# **Titanic Analysis notebook**

 ### Challange: Figure out what sorts of people were more likely to survive the Titanic sinking

| **Data Dictionary**  |  |     ||
| ----------- | ----------- | ----------- |-----------|
| **Variable** | **Definition** | **Key** |**Magyar leírás**|
PassengerId | passanger id |Distinct|Utas azonosító – Minden utasnak egyedi sorszáma.
survival	|Survival|	0 = No, 1 = Yes|Túlélés –> 0 = meghalt, 1 = túlélte a katasztrófát.|
pclass	|Ticket class	|1 = 1st, 2 = 2nd, 3 = 3rd|Osztály – A hajó utaskategóriája: 1 = első osztály, 2 = másodosztály, 3 = harmadosztály.|
Name | Full name (with rank sometimes) | |Név – Az utas teljes neve (néha tartalmazza a rangot, pl. Mr., Mrs., Miss).|
sex	|Sex	||Nem – male = férfi, female = nő.
Age	|Age in years	||Kor – Az utas életkora években.

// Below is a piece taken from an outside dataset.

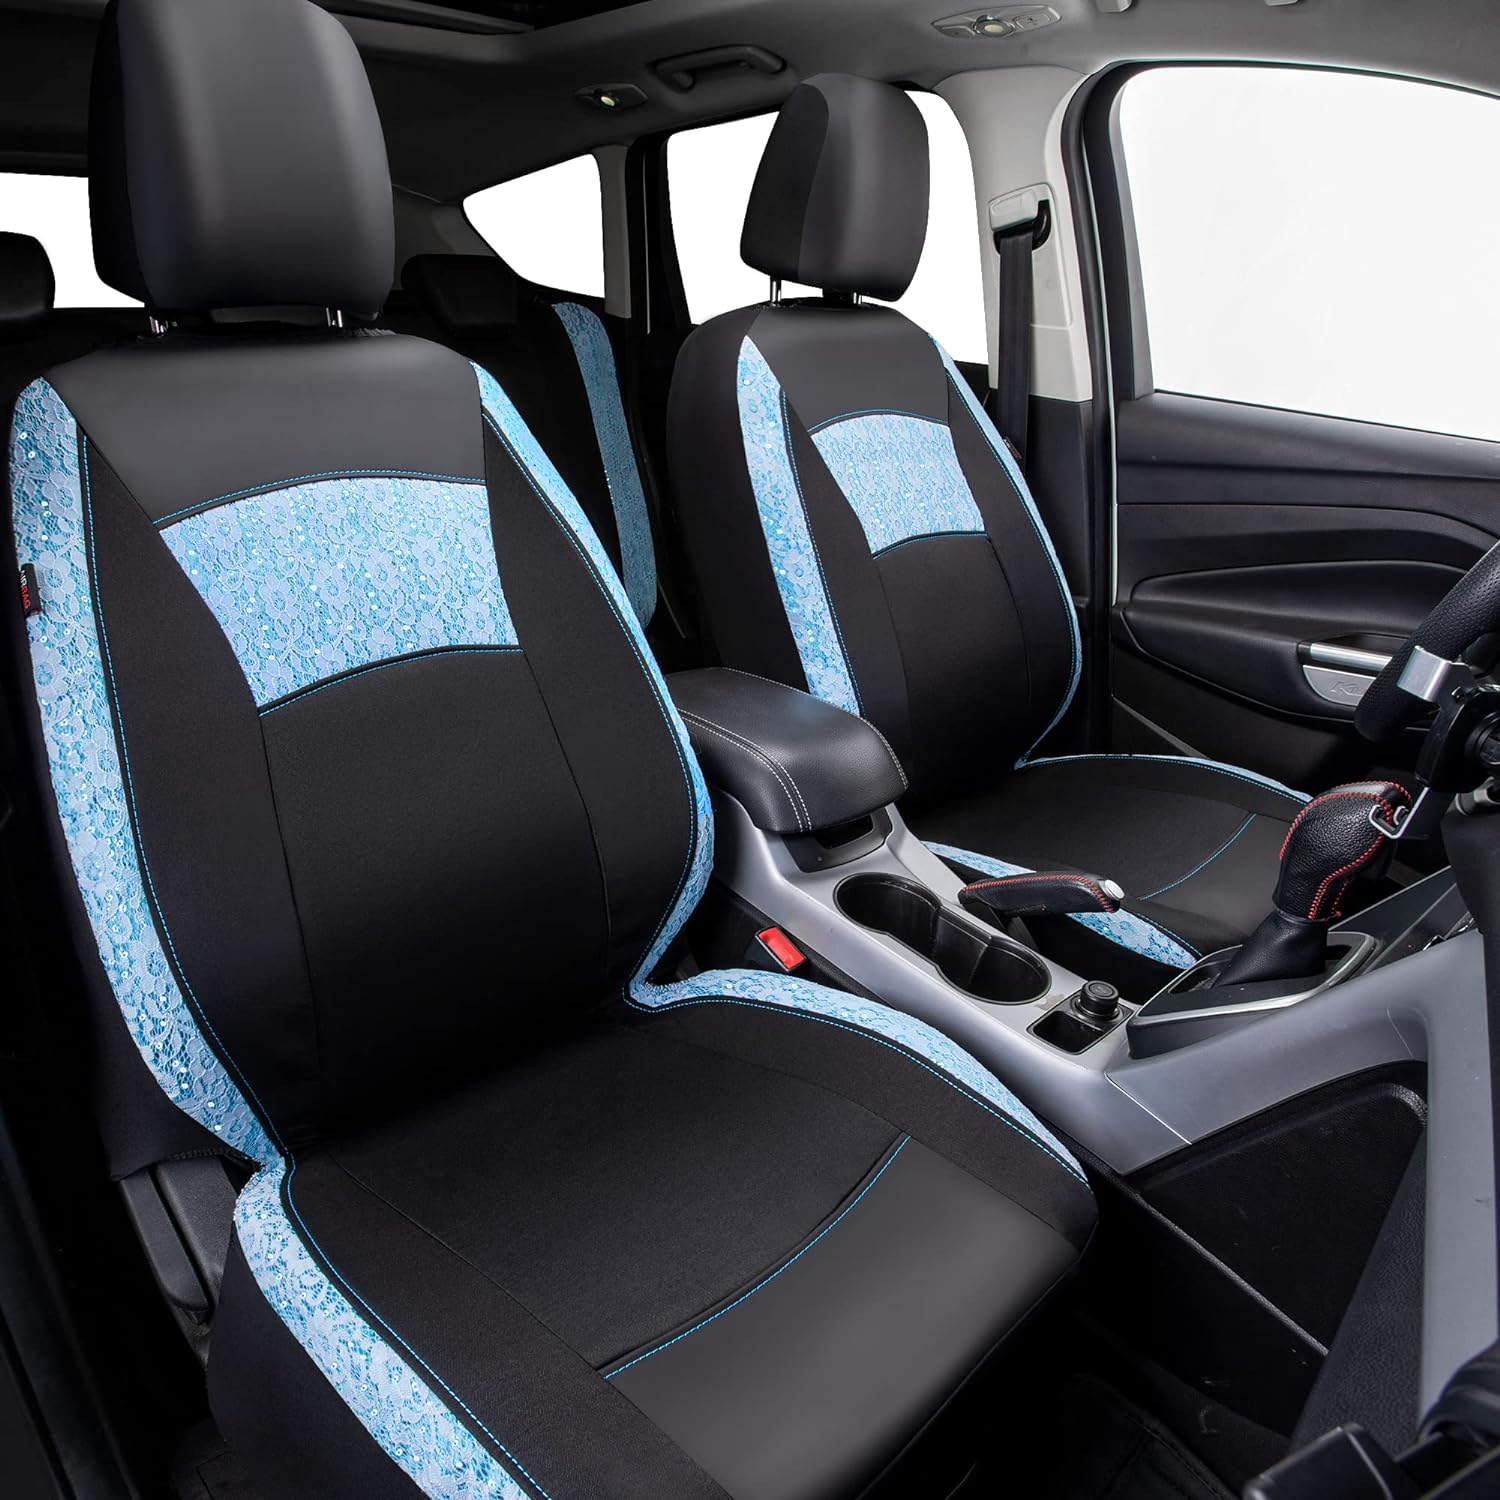 CAR PASS Gabardine Leather Lace Car Seat Covers Full Set, Mint Blue Cute Seat Cover for Women Girl,Universal Fits 95% Cars,Trucks,SUV, Vans, Automotive Compatible with AIRBAG (Black Mint Blue)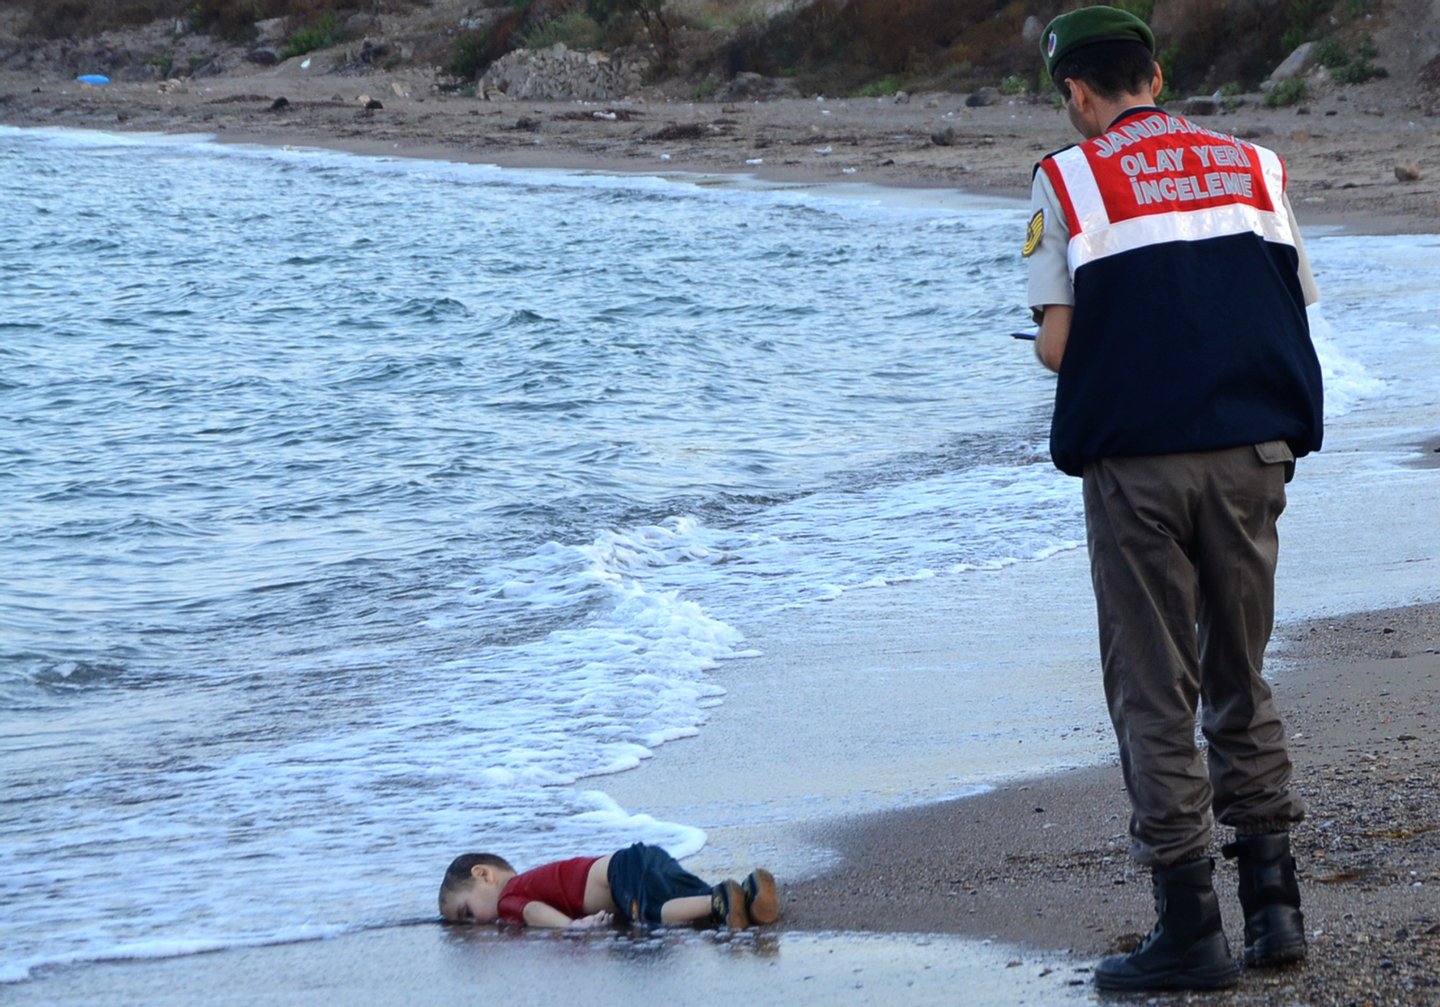 GRAPHIC CONTENT A Turkish police officer stands next to a migrant child's dead body (Aylan Shenu) off the shores in Bodrum, southern Turkey, on September 2, 2015 after a boat carrying refugees sank while reaching the Greek island of Kos. Thousands of refugees and migrants arrived in Athens on September 2, as Greek ministers held talks on the crisis, with Europe struggling to cope with the huge influx fleeing war and repression in the Middle East and Africa. / AFP / DOGAN NEWS AGENCY / Nilufer Demir (Photo credit should read NILUFER DEMIR/AFP/Getty Images)

Hiányzó érték lehet.
sibsp	|# of siblings / spouses aboard the Titanic	||Testvér/Partner száma a hajón – Hány testvér vagy házastárs utazott vele a hajón.
parch	|# of parents / children aboard the Titanic	||Szülő/Gyermek száma a hajón – Hány szülője vagy gyermeke utazott vele a hajón.
ticket	|Ticket number	||Jegyszám – Az utas jegyének azonosítója (szöveg vagy szám).
fare	|Passenger fare	||Fizetett jegyár – Az utas által fizetett jegy ára fontban.
cabin	|Cabin number	||Kabinszám – A kabin, ahol az utas lakott (sok üres érték).
embarked	|Port of Embarkation	|C = Cherbourg, Q = Queenstown, S = Southampton||Beszállási kikötő – A hajóra szállás helye

---
| **Variable Notes** | | | | |
| ----------- | ----------- | ----------- |-----------|-----------|
| ----------- | **pclass** | **age** | **sibsp** | **parch** |
| Angol | A proxy for socio-economic status (SES) 1st = Upper 2nd = Middle 3rd = Lower | Age is fractional if less than 1. If the age is estimated, it is in the form of xx.5 | Sibling = brother, sister, stepbrother, stepsister; Spouse = husband, wife (mistresses and fiancés ignored) | Parent = mother, father; Child = daughter, son, stepdaughter, stepson; Some children travelled only with a nanny, therefore parch=0 |
| Magyar | A társadalmi-gazdasági státusz (SES) közelítő mutatója: 1 = Felső osztály, 2 = Középosztály, 3 = Alsó osztály | Az életkor törtszám, ha kevesebb, mint 1. Ha becsült, xx.5 formában szerepel | Testvér = fiútestvér, lánytestvér, mostohatestvér; Házastárs = férj, feleség (szeretők és menyasszonyok figyelmen kívül hagyva) | Szülő = anya, apa; Gyermek = lánya, fia, mostohalánya, mostohafia; Néhány gyermek csak a dadával utazott, ezért parch=0 |


In [393]:
import numpy as np
import pandas as pd

In [394]:
gender_submission = pd.read_csv('titanic\\gender_submission.csv')
test = pd.read_csv('titanic\\test.csv')
train = pd.read_csv('titanic\\train.csv')

In [395]:
print(f"Train shape: {train.shape}, Test shape: {test.shape}, Gender submission shape: {gender_submission.shape}")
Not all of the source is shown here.